GIVEN DATA START
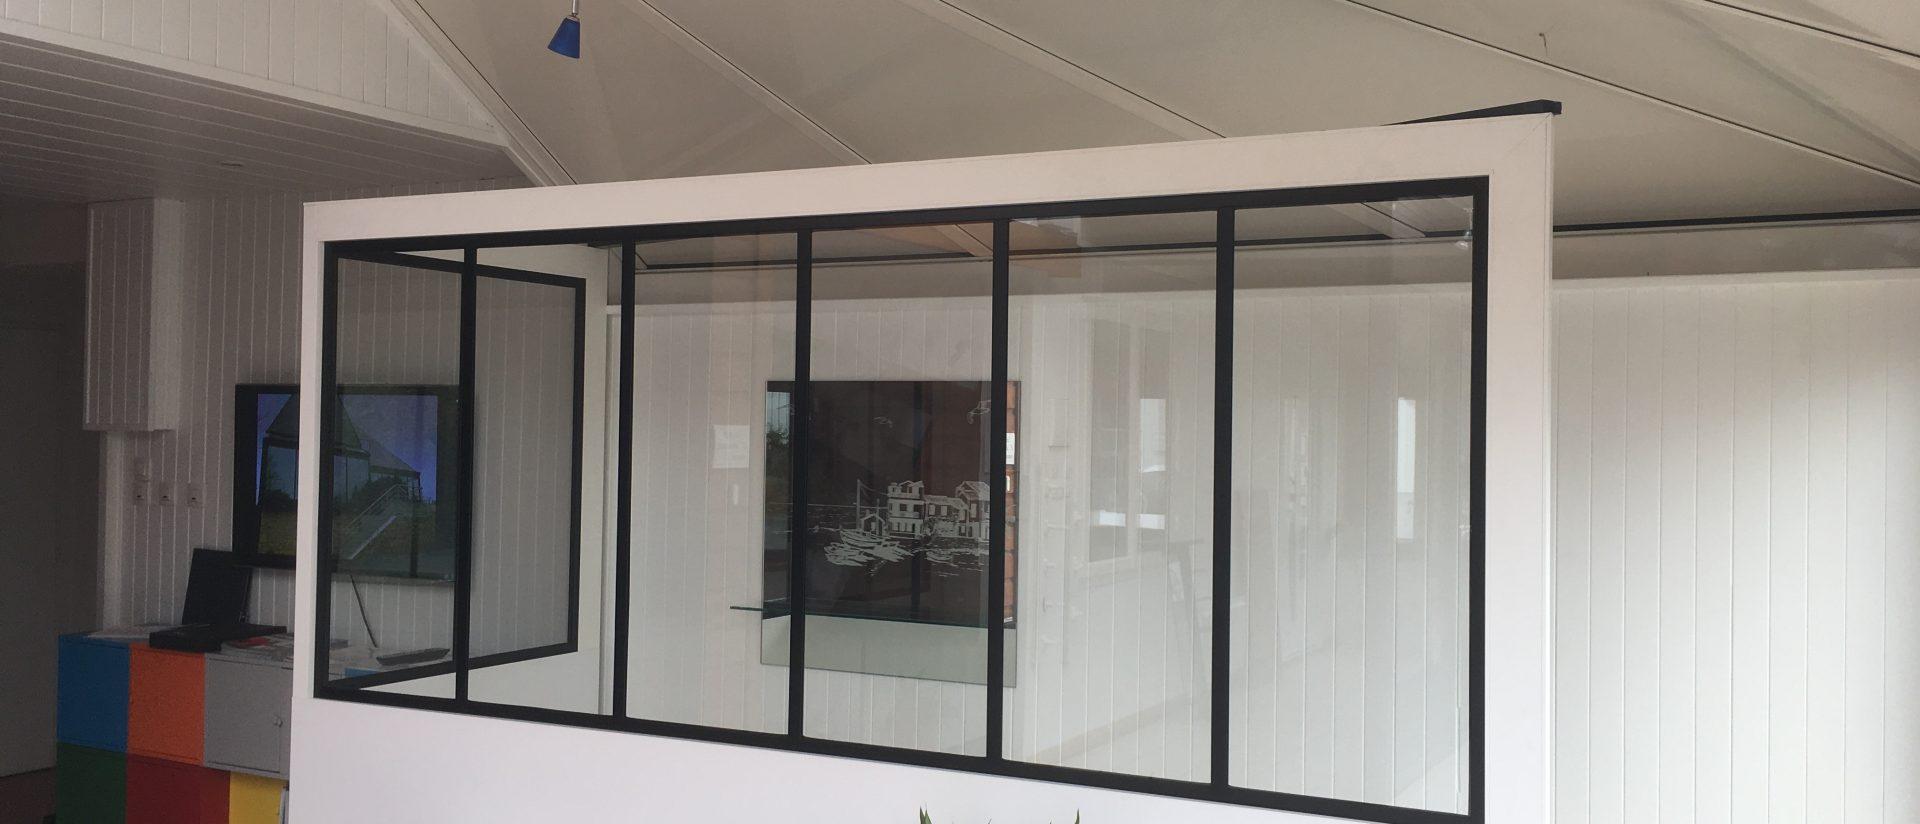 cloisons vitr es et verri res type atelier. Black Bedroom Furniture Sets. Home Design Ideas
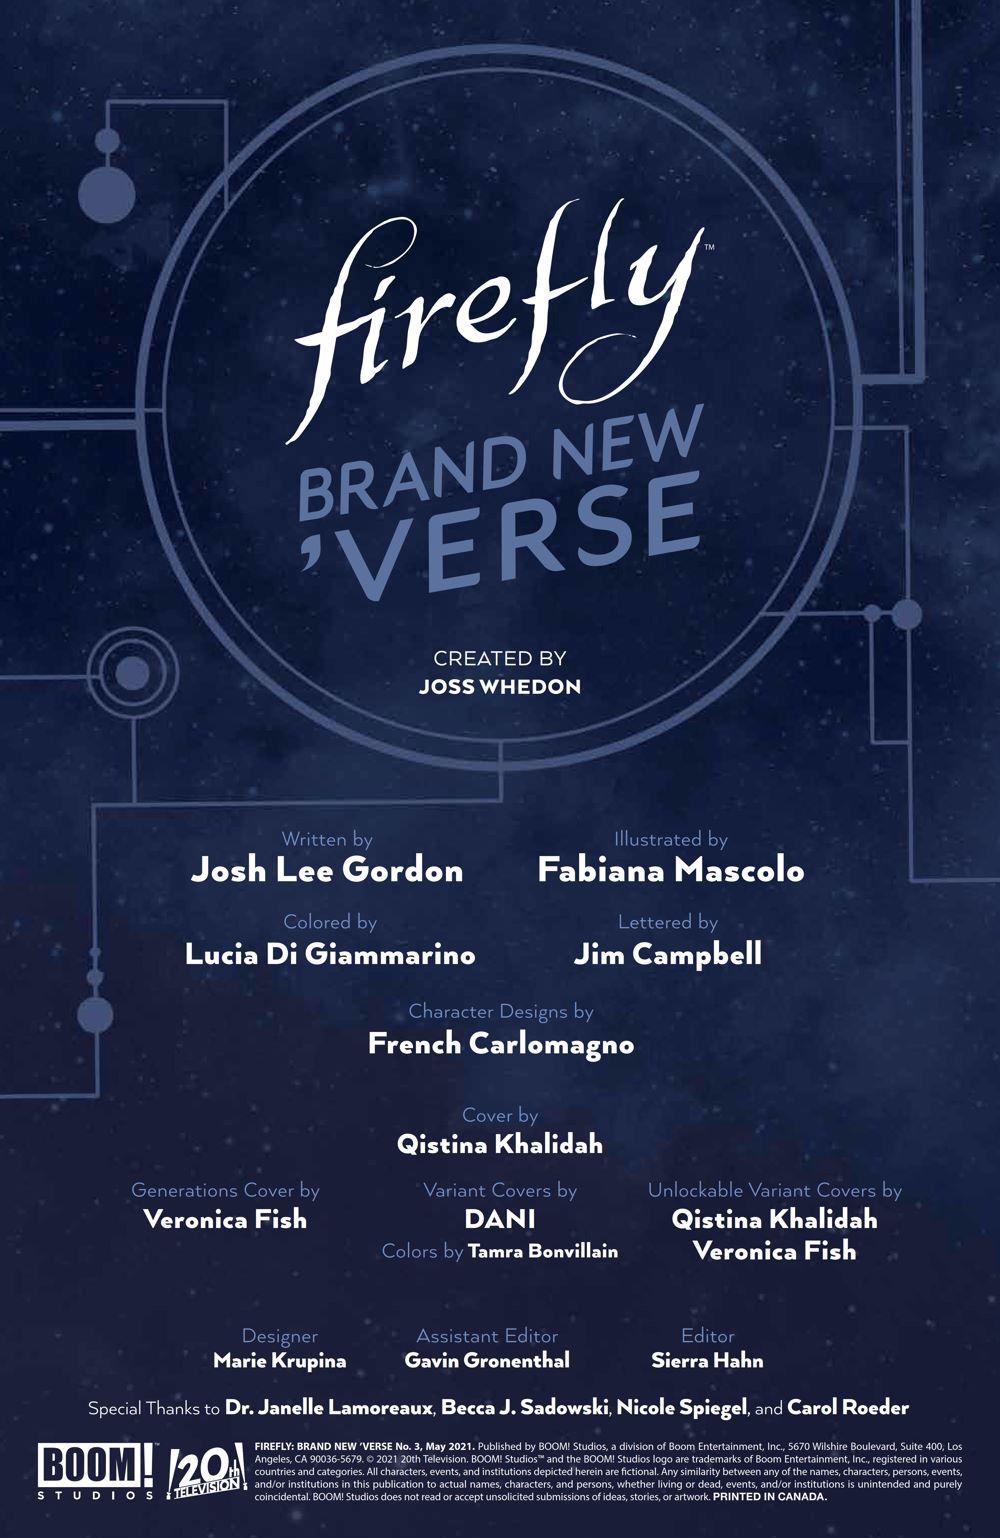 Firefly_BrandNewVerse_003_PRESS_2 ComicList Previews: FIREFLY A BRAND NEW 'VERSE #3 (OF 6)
GIVEN DATA END
GIVEN DATA START
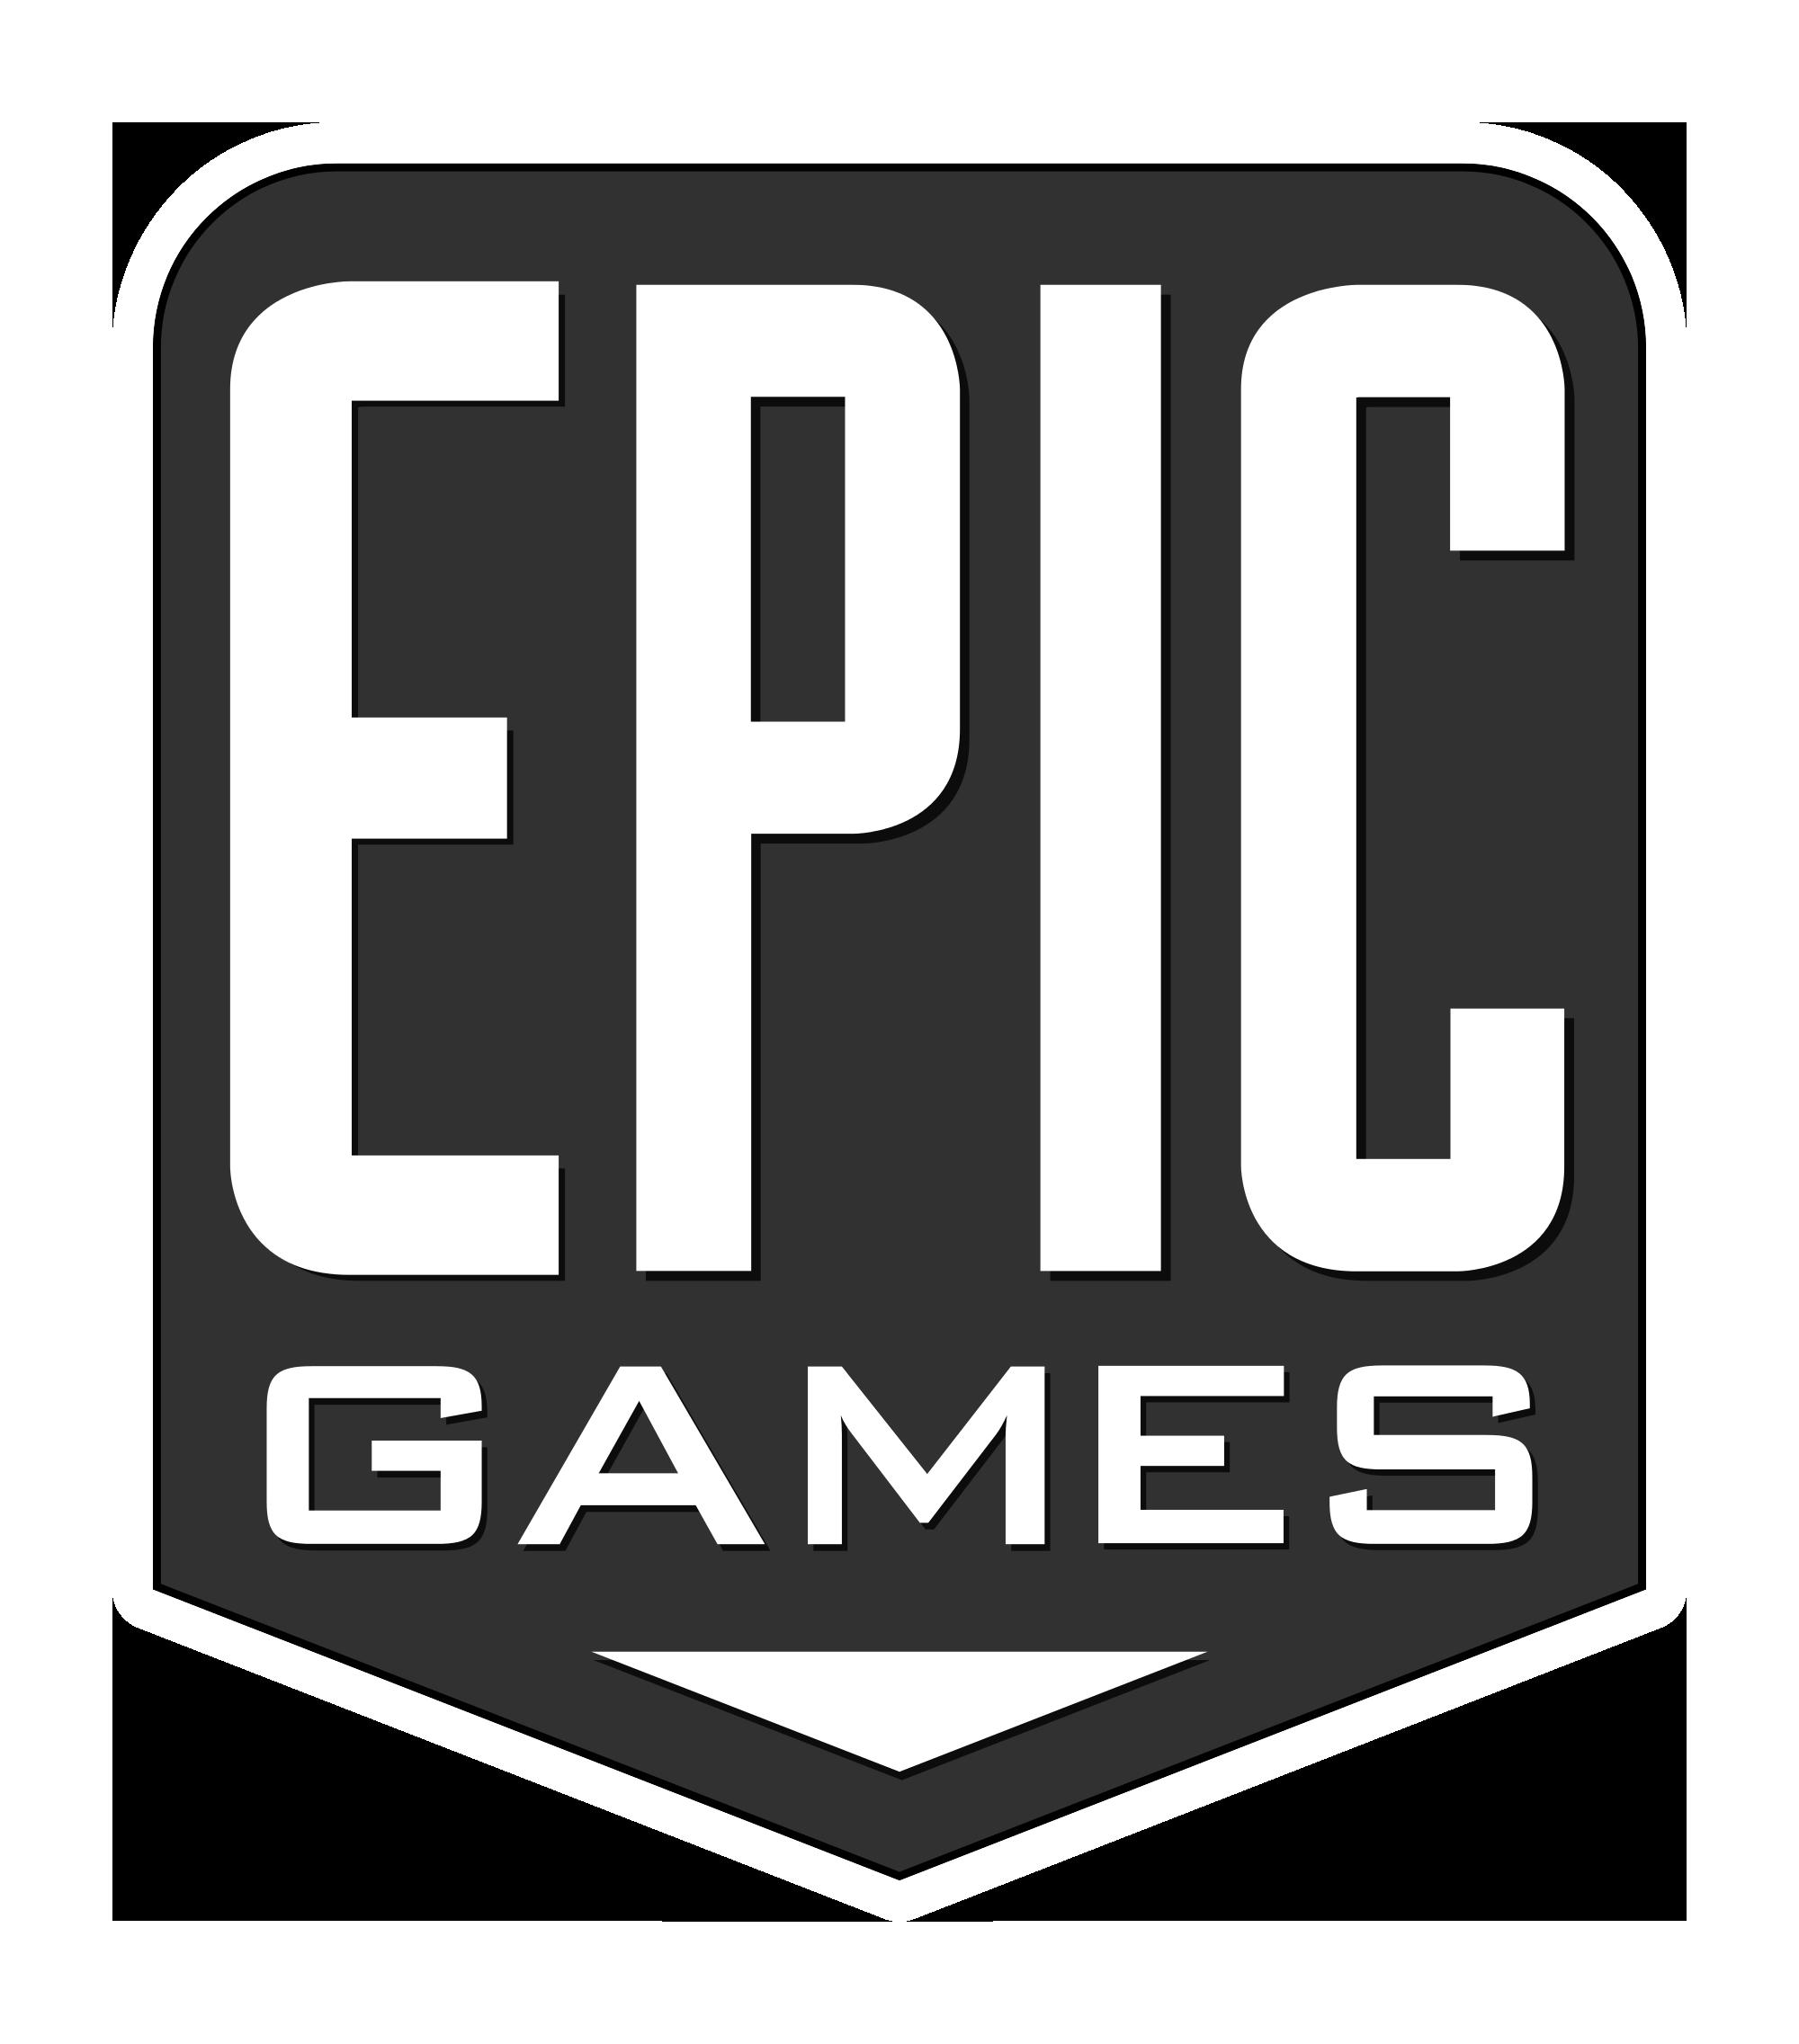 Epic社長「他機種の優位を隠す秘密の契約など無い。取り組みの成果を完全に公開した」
GIVEN DATA END
### EXERCISE OBJECTIVE
Among the entries above, take the lines from the one with "cloisons vitr es" through the one with "Firefly_BrandNewVerse_003_PRESS_2 ComicList Previews: FIREFLY" and retype them exactly, leaving out the pictures.

### ANSWER BOX
 cloisons vitr es et verri res type atelier. Black Bedroom Furniture Sets. Home Design Ideas
 Firefly_BrandNewVerse_003_PRESS_2 ComicList Previews: FIREFLY A BRAND NEW 'VERSE #3 (OF 6)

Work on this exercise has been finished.